Operator Personal Cloud Disruption

Hal Steger : Thinking Out Cloud
Hal Steger
Vice President of Worldwide Marketing at Funambol. 20+ years of marketing & product management experience at high-growth, innovative global software companies.
| This blog is about personal cloud solutions, technology, trends and market developments. Its scope is to comment on and discuss several aspects of personal clouds.

Operator Personal Cloud Disruption

The operator personal cloud imperative has shifted.

The main drivers for operators to have a personal cloud used to be revenue and user retention.

While some operators achieved these, others did not. In simple terms, it was due to a shortfall of users converting from free cloud storage to premium, as there are good free alternatives, coupled with a lack of a compelling reason to upgrade. This resulted in some operators not achieving a critical mass of users that moved the needle on retention. Which users have really thought, I am not switching mobile providers due to my operator cloud? While some Apple users might think of iCloud as a reason to stay Apple, when it comes to an operator cloud, for many people, it is not a first order consideration.

Yet, despite this, prominent operators continue to significantly enhance their personal clouds. Why? Is it a defensive stance such that operators are concerned that if they don’t, Google will be the main repository of their users’ content or are there other reasons?
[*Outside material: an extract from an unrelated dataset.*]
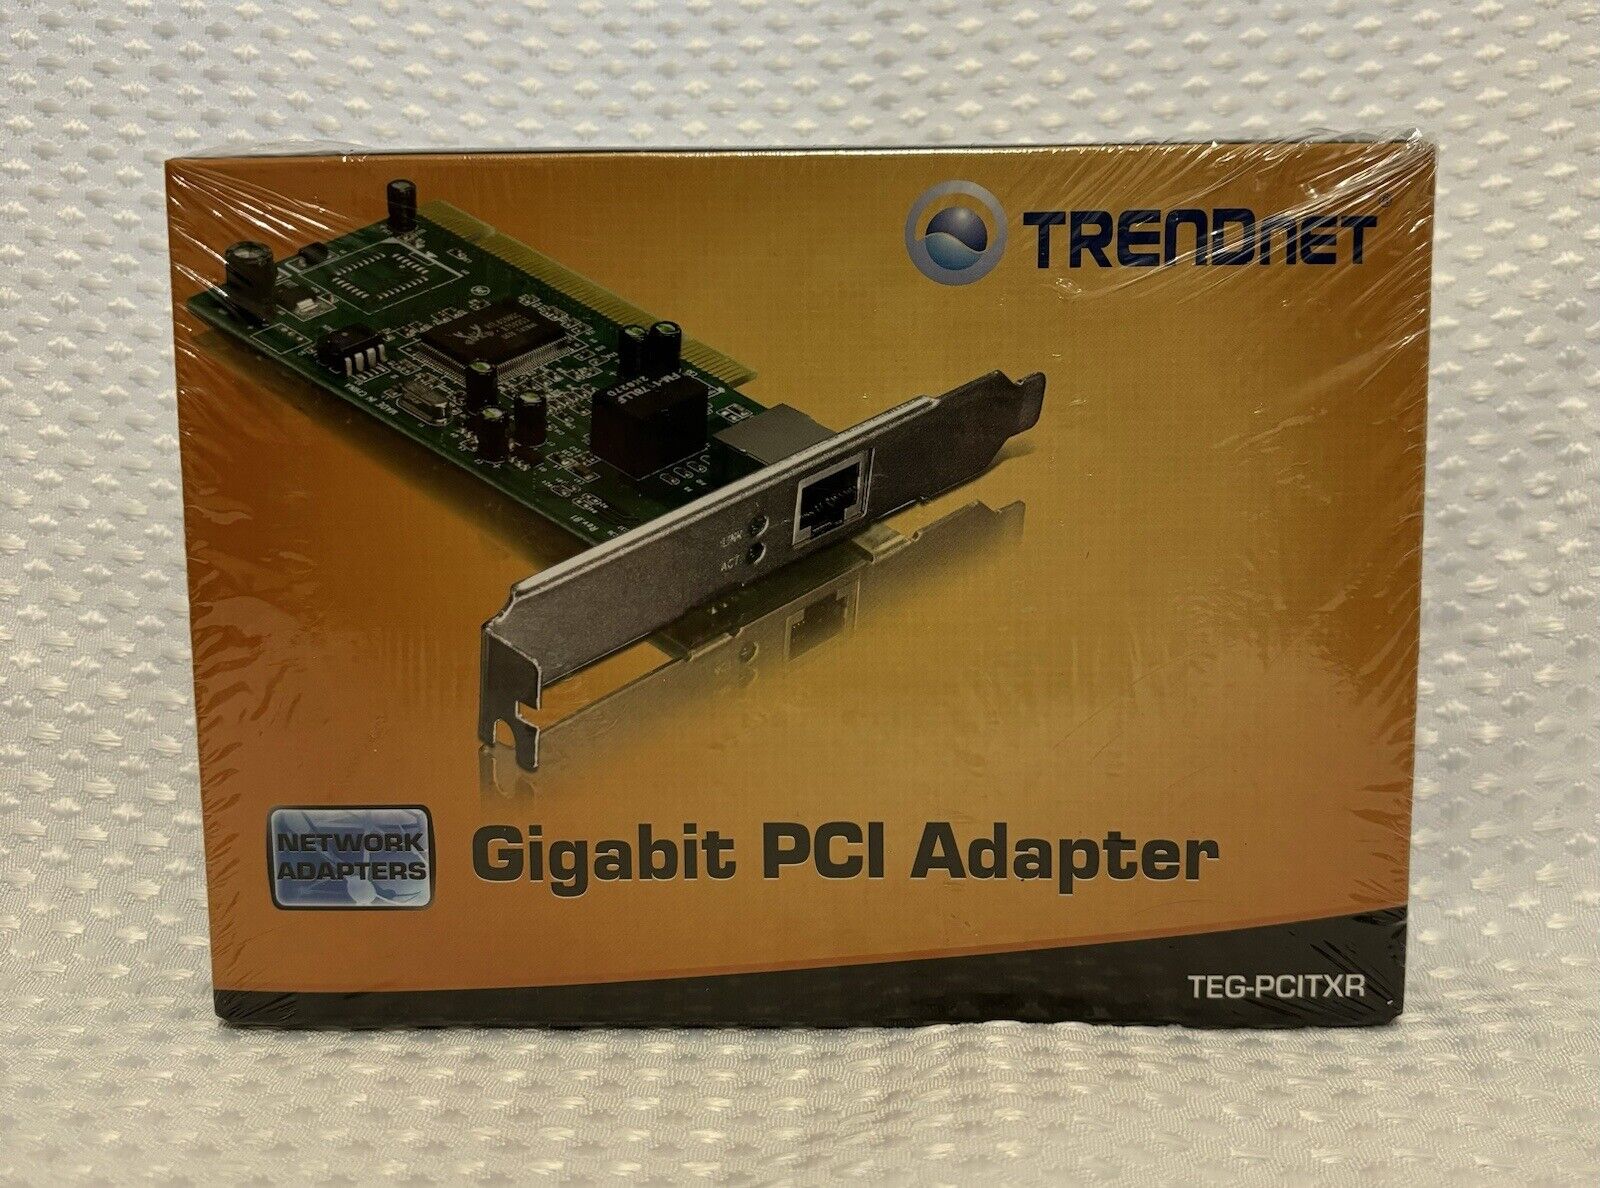 Trendnet Gigabit PCI Adapter

Some operators that partnered with Dropbox decided it was not to their advantage to continue. This was likely due to the lack of conversion to premium resulting in a dearth of revenue, and if a subscriber became a Dropbox user, user loyalty was to Dropbox. The more an operator relied on Dropbox, the less this helped the operator. But that was yesterday’s news.

The news today is what operator clouds are becoming, and how user behavior, economics and innovation are disrupting them.

People now are more comfortable with the cloud. Although many people still do not understand it, and they still have concerns about privacy and security, there is the belief that more stuff is going into the cloud and this is largely unstoppable, thus, it is okay to put more stuff in it. This is driven by numerous things, among them, people having more mobile devices and using an array of online services. For many people, the situation has changed from what is the cloud to how do I ensure it is safe, it remains private, how do I find my stuff and make sure it doesn’t disappear.

Economics is further disrupting operator clouds. Amazon recently implemented a change where data in its cloud that is not accessed for 30 days automatically moves to storage that costs 1 cent per Gb per month instead of 3+ cents. This change is transparent. If you think about cloud storage for consumers where people store keepsakes such as photos, videos and files, the vast majority is rarely accessed, which means it can reside on archived storage and the cost is a third. How many businesses see that their operating costs are slashed by two-thirds overnight?

The third thing disrupting operator clouds is innovation. Personal cloud software has changed from smartphone bloatware to be much more entertaining via creative views of personal content and facilitating family interaction. Beyond turning operator clouds from boring backup into engaging services, the clouds are fulfilling another important function for operators, which is to glue together emerging services.

Operators are getting into new businesses, such as more video content, home security, internet of things and car services. At the same time, operators are seeking to leverage strengths, which is their billing relationship, their status as a trusted entity, and people relying on them for mobile devices, expertise and services. Rather than bombard people with a confusing array of apps, services and content, operators see an opportunity to use their personal cloud to tie together services to simplify mobile lives.

This has shifted the impetus behind operator personal clouds to become a unifying interface that auto-organizes content and presents it in meaningful and engaging ways. This is a far cry from personal clouds that are backup and it is the direction of personal clouds going forward.

The moral for operators is that a) you need a personal cloud service; b) it should not be based on a legacy backup service but it should tie together emerging services and content in an engaging and meaningful way, where the mobile experience is paramount, not a cobbled mash-up; and c) it must leverage the economics of disruptive improvements in cloud infrastructure. If your personal cloud service does not do this, it will be substandard and non-competitive versus over-the-top and other operator cloud alternatives.